Palette-Image-to-Image-Diffusion-Models
Palette-Image-to-Image-Diffusion-Models copied to clipboard
`Caught IndexError in DataLoader worker process 0` using `pip` installations
Setup
Running on Windows Subsystem for Linux 2 (WSL2).
git clone https://github.com/Janspiry/Palette-Image-to-Image-Diffusion-Models.git
cd Palette-Image-to-Image-Diffusion-Models
conda create -n pip-palette python==3.9.*
conda activate pip-palette
pip install torch torchvision --extra-index-url https://download.pytorch.org/whl/cu113
pip install -r requirements.txt
Config
Same as #21
Directory Structure
Same as #21
Terminal
(pip-palette) sgbaird@Dell-G7:~/GitHub/Palette-Image-to-Image-Diffusion-Models$ cd /home/sgbaird/GitHub/Palette-Image-to-Image-Diffusion-Models ; /usr/bin/env /home/sgbaird/miniconda3/envs/palette/bin/python /home/sgbaird/.vscode-server/extensions/ms-python.python-2022.8.0/pythonFiles/lib/python/debugpy/launcher 36177 -- /home/sgbaird/GitHub/Palette-Image-to-Image-Diffusion-Models/run.py -p train -c config/inpainting_celebahq_dummy.json --debug
export CUDA_VISIBLE_DEVICES=0
/home/sgbaird/GitHub/Palette-Image-to-Image-Diffusion-Models/run.py:28: UserWarning: You have chosen to use cudnn for accleration. torch.backends.cudnn.enabled=True
warnings.warn('You have chosen to use cudnn for accleration. torch.backends.cudnn.enabled=True')
(pip-palette) sgbaird@Dell-G7:~/GitHub/Palette-Image-to-Image-Diffusion-Models$ cd /home/sgbaird/GitHub/Palette-Image-to-Image-Diffusion-Models ; /usr/bin/env /home/sgbaird/miniconda3/envs/pip-palette/bin/python /home/sgbaird/.vscode-server/extensions/ms-python.python-2022.8.0/pythonFiles/lib/python/debugpy/launcher 41379 -- /home/sgbaird/GitHub/Palette-Image-to-Image-Diffusion-Models/run.py -p train -c config/inpainting_celebahq_dummy.json --debug
export CUDA_VISIBLE_DEVICES=0
/home/sgbaird/GitHub/Palette-Image-to-Image-Diffusion-Models/run.py:28: UserWarning: You have chosen to use cudnn for accleration. torch.backends.cudnn.enabled=True
warnings.warn('You have chosen to use cudnn for accleration. torch.backends.cudnn.enabled=True')

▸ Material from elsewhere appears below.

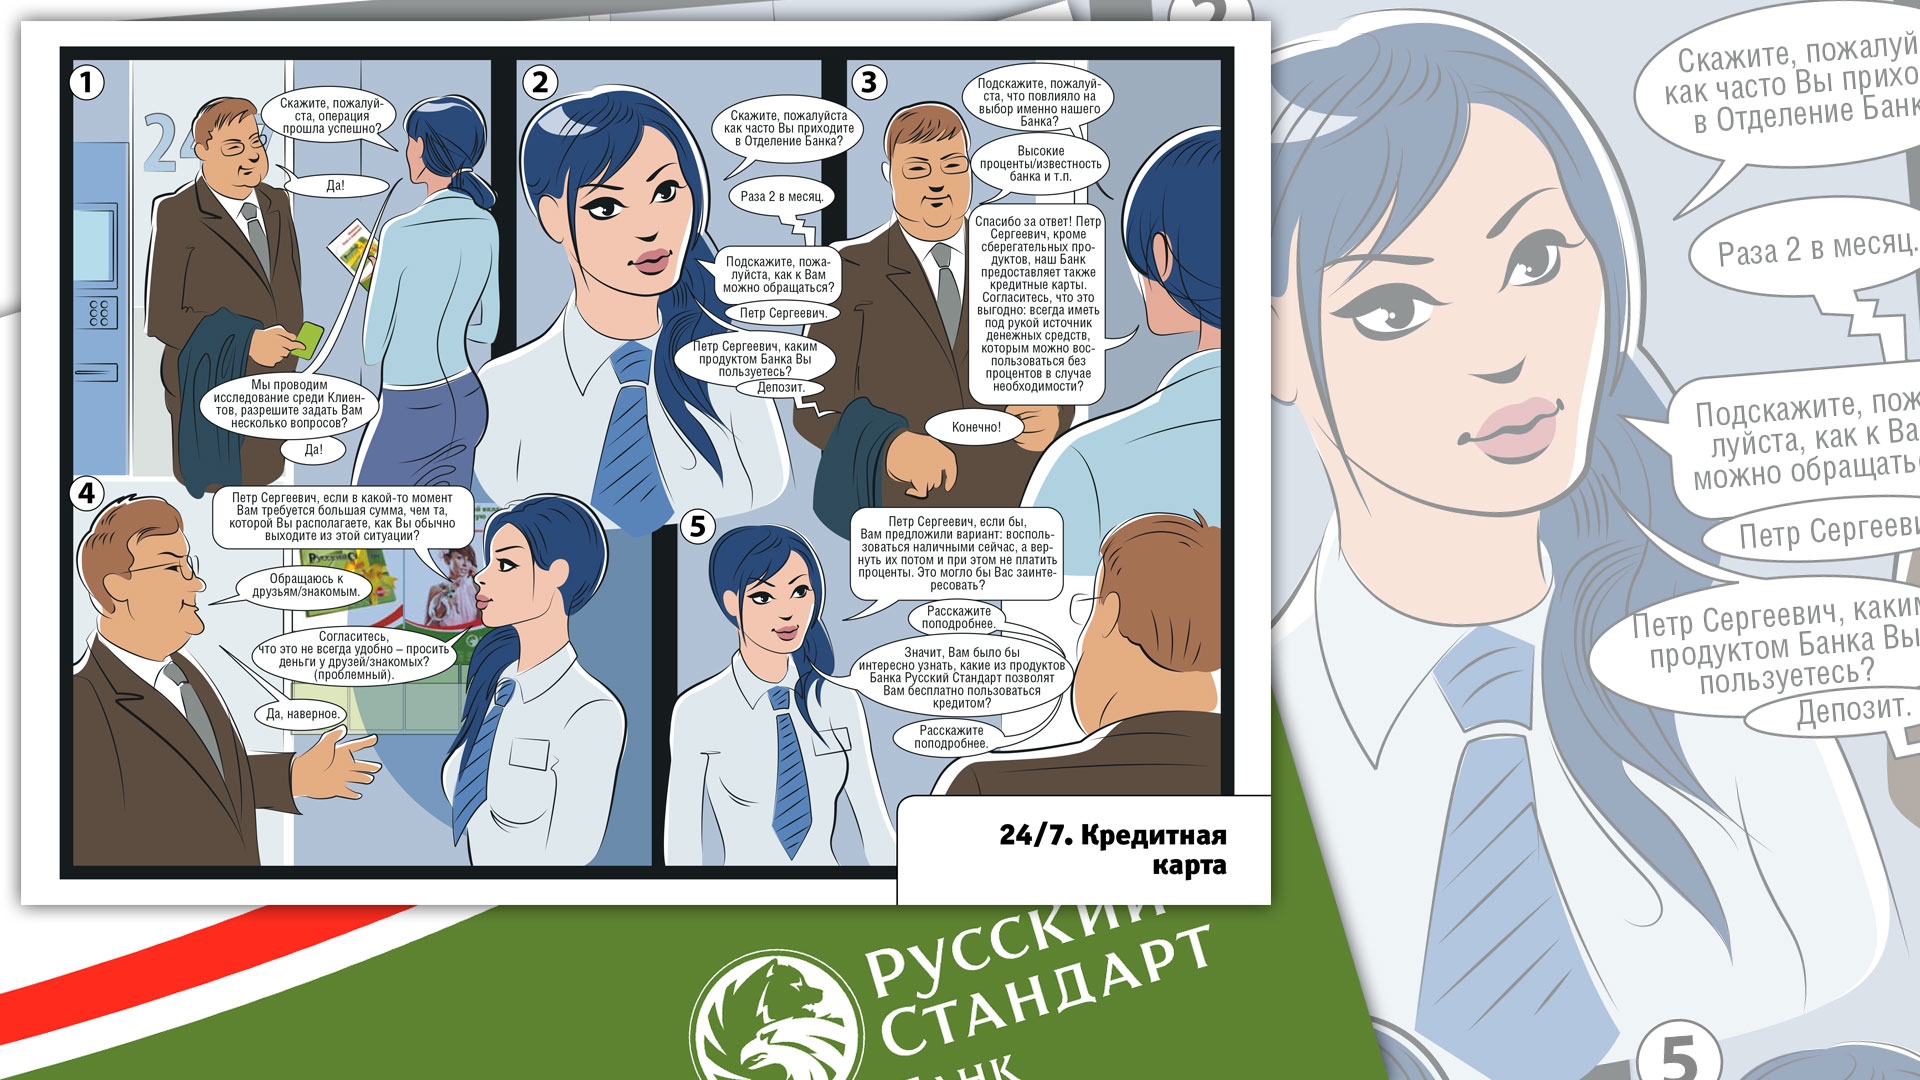 Банк «Русский стандарт» - Буклеты-инструкции для сотрудников

0%| | 0/16 [00:00<?, ?it/s]
Close the Tensorboard SummaryWriter.
Error
Caught IndexError in DataLoader worker process 0.
Original Traceback (most recent call last):
File "/home/sgbaird/miniconda3/envs/pip-palette/lib/python3.9/site-packages/torch/utils/data/_utils/worker.py", line 287, in _worker_loop
data = fetcher.fetch(index)
File "/home/sgbaird/miniconda3/envs/pip-palette/lib/python3.9/site-packages/torch/utils/data/_utils/fetch.py", line 49, in fetch
data = [self.dataset[idx] for idx in possibly_batched_index]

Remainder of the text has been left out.